The important take-aways

The key take-away points are: (i) the existing legal principles governing valuation of dissenters’ shares remain exactly the same, (ii) the only exception is that a discount should be applied to the fair value assessment in recognition that dissenters hold a minority interest; and (iii) the calculation of interest in s.238 cases remains unchanged.

Interestingly, during the Court of Appeal hearing Shanda elected not to pursue various additional appeal points concerning valuation methodology that it had formerly raised. Its appeal on valuation was confined to the minority discount issue. The three valuation methodology points raised by the dissenters were rejected. It remains to be seen whether Shanda or the dissenters will appeal to the Privy Council, and if so, whether the appeal will cover valuation methodology generally or will be limited to the minority discount issue. We will keep you up to date with developments as they arise.

Following the Court of Appeal's decision, both Shanda and the dissenters appealed to the Privy Council with the leave of the Court of Appeal [1]. The primary issue brought by the dissenters was whether the Court of Appeal was correct to hold that a minority discount should be applied in the determination of the fair value of the dissenters' shares pursuant to s.238 of the Companies Law. The secondary issue brought by Shanda was whether the requirement to award a fair rate of interest under s.238 requires the court to do so in accordance with the same principles on which it awards interest on an award of debt or damages.

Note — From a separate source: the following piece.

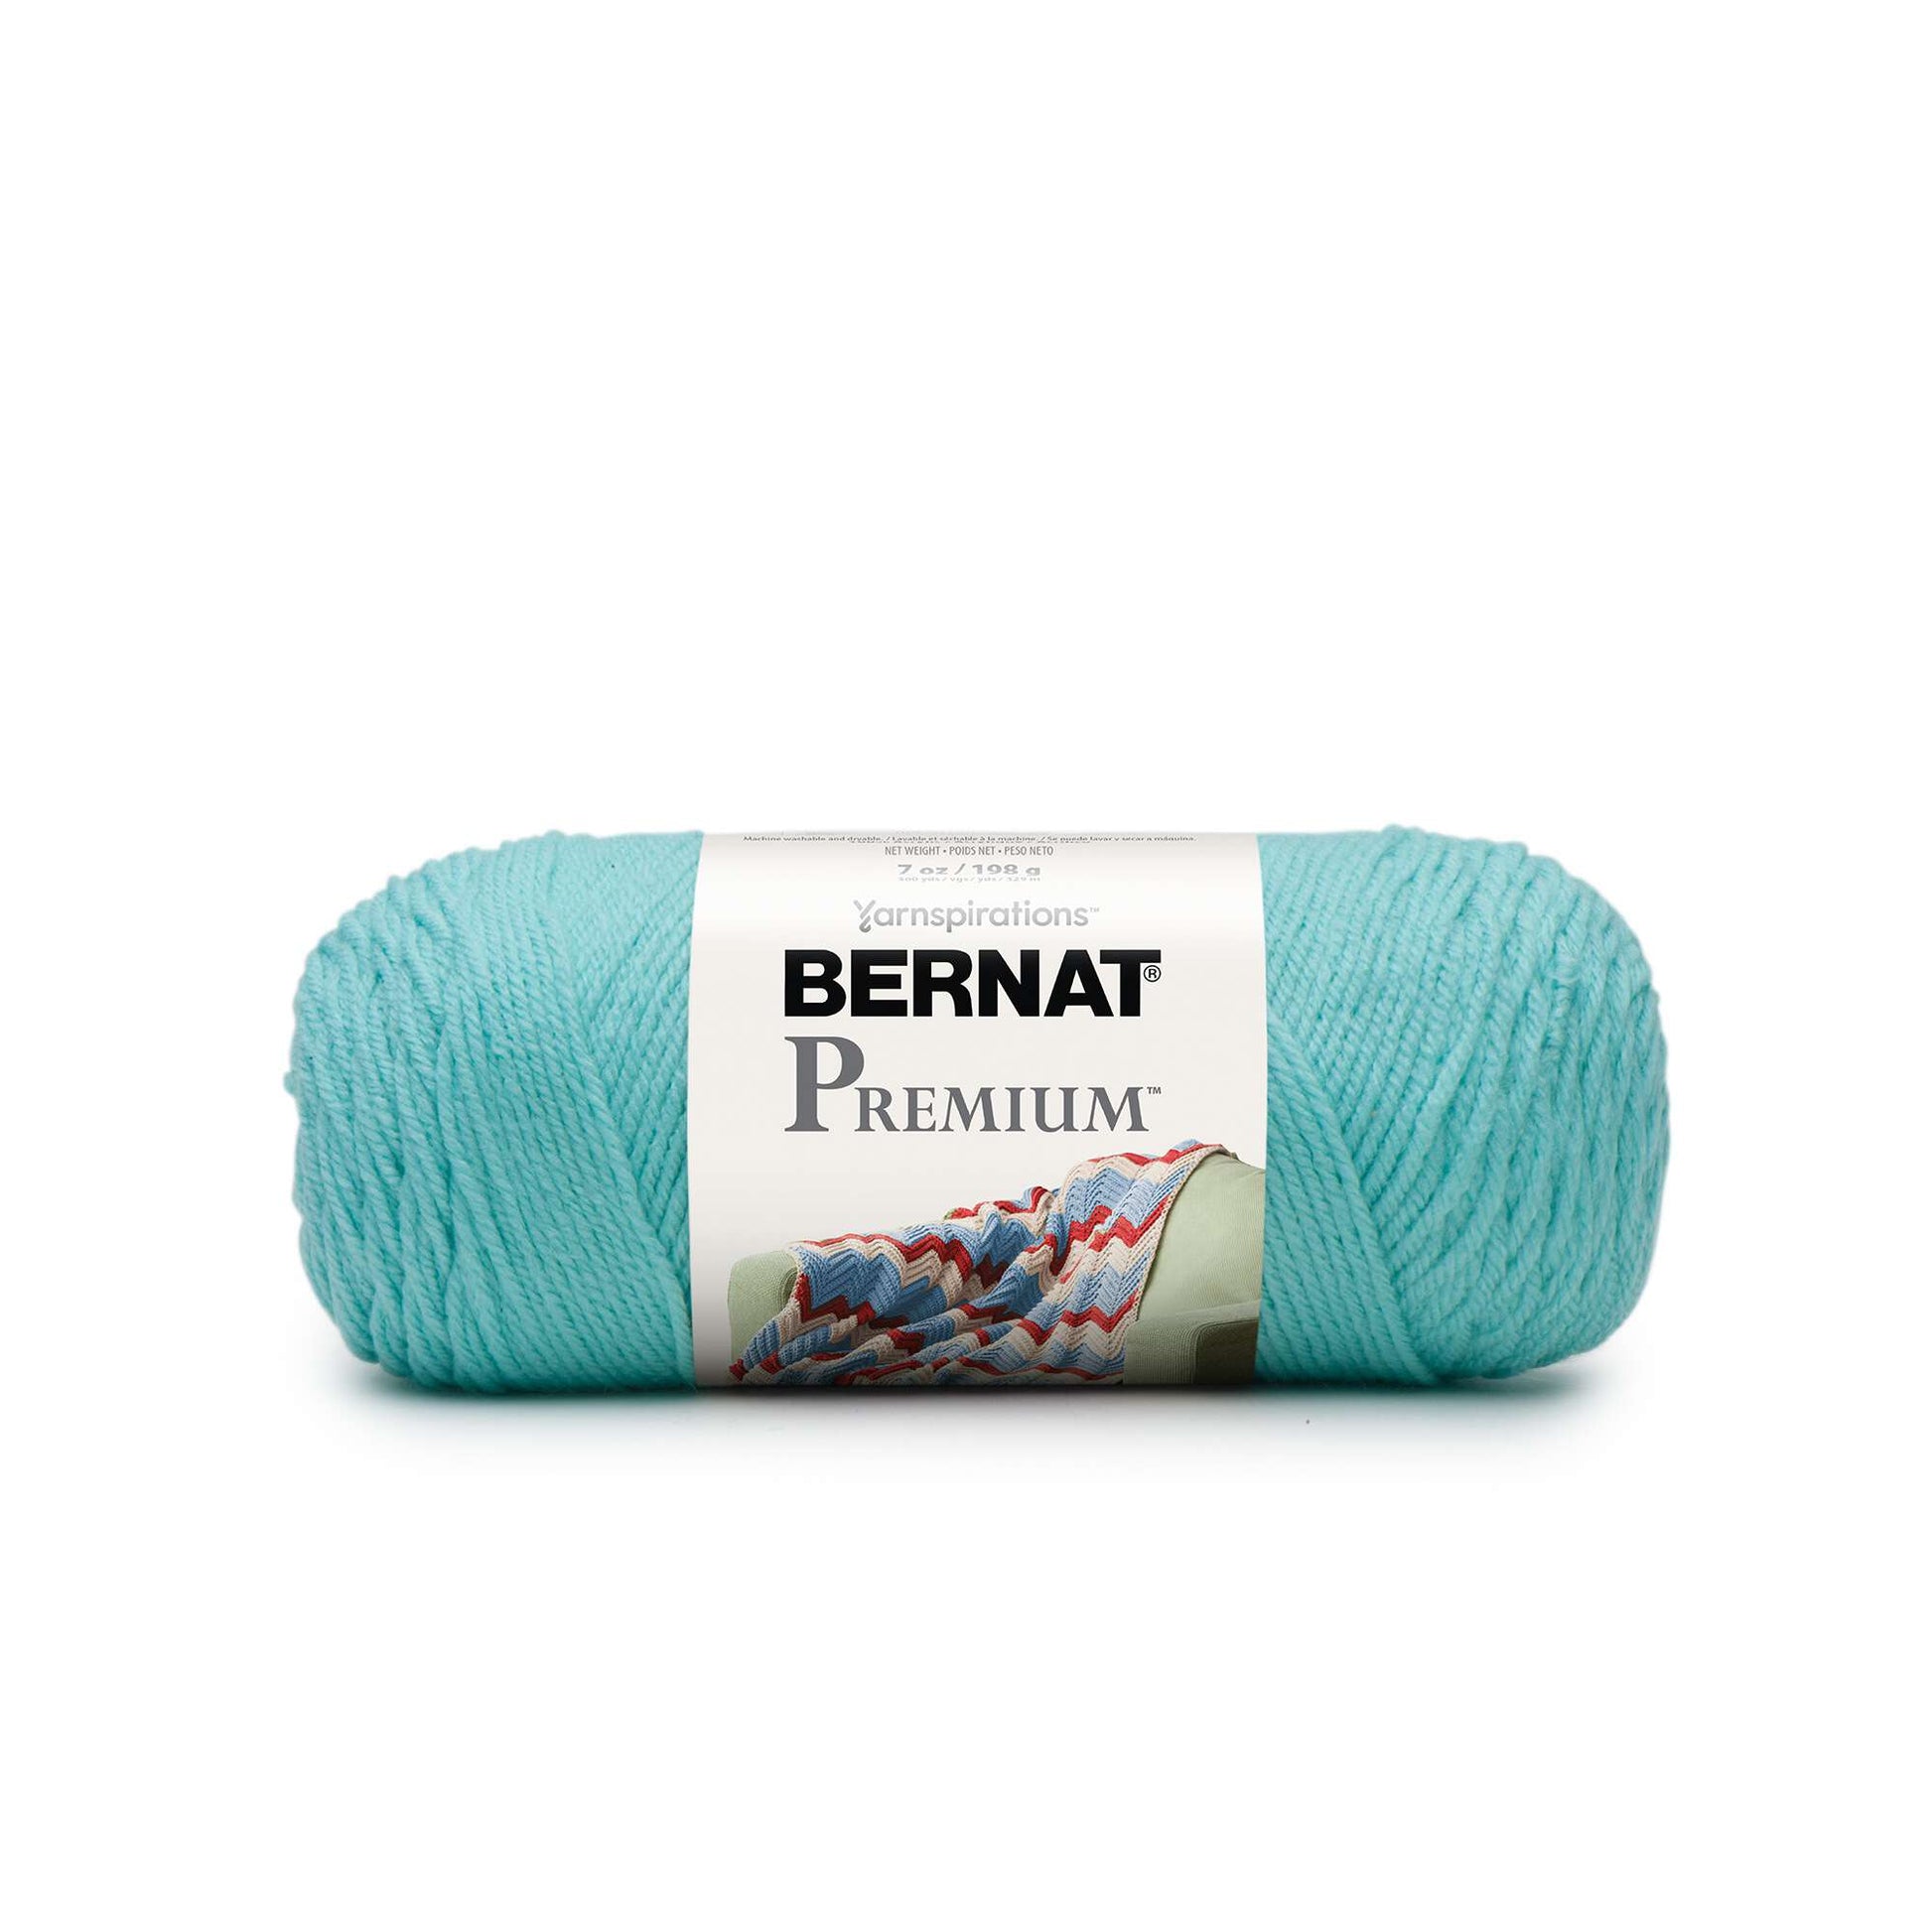 Premium Photo  Ball of red wool yarn

On the primary issue, the Privy Council held that a minority discount should be applied in most circumstances when determining the fair value of the dissenters' shares principally for three reasons:

  1. Comparable provisions of the Companies Law, such as those dealing with schemes of arrangement and "squeeze outs", do not provide for pro rata valuation. Further, it would be surprising if the Cayman Islands legislature intended to introduce a fundamentally different approach to share valuation under s.238 as against the approach adopted in England and Wales under analogous provisions;
  2. In the absence of some indication to the contrary or special circumstances, the minority shareholder's shares should be valued as a minority shareholding and not on a pro rata basis. This is in line with the general principle of share valuation that the court should value the actual shareholding which the shareholder has to sell and not some hypothetical share; and
  3. The similarities between the Delaware appraisal remedy and s.238 do not justify departure from that general principle. While the jurisprudence of Delaware is of great value in this field, there may be different rules in related contexts, as well as different economic and social policy considerations affecting legislation.

It is also worth noting that the Privy Council was careful not to embark on a detailed analysis of how a fair value determination should be made due to the narrow scope of the appeal (as set out above, Shanda's appeal on valuation was confined to the minority discount issue and during the Court of Appeal hearing it elected not to pursue various additional appeal points concerning valuation methodology). Nonetheless, it held that it was incorrect for the Court of Appeal to hold that a minority discount should invariably be applied as a matter of law and that "there might be a case where a minority discount was inappropriate due to the particular valuation exercise under consideration."

On the secondary issue of interest, Shanda argued that the "mid-point" approach was contrary to principles established under English law. This argument was rejected by the Privy Council on the basis that it was not before the first instance judge and there was accordingly no good reason why the exercise of the judge's discretion should be open to challenge on a ground which he was not asked to consider.

The Privy Council's decision is important as it is affirms the Court of Appeal's decision that the Cayman courts will generally apply a minority discount when assessing the fair value of dissenters' shares, albeit not as a "bright-line" rule to be applied in every case. In addition, this decision is of interest as it opines on comparative law and the manner in which Cayman and similar legislation should be interpreted.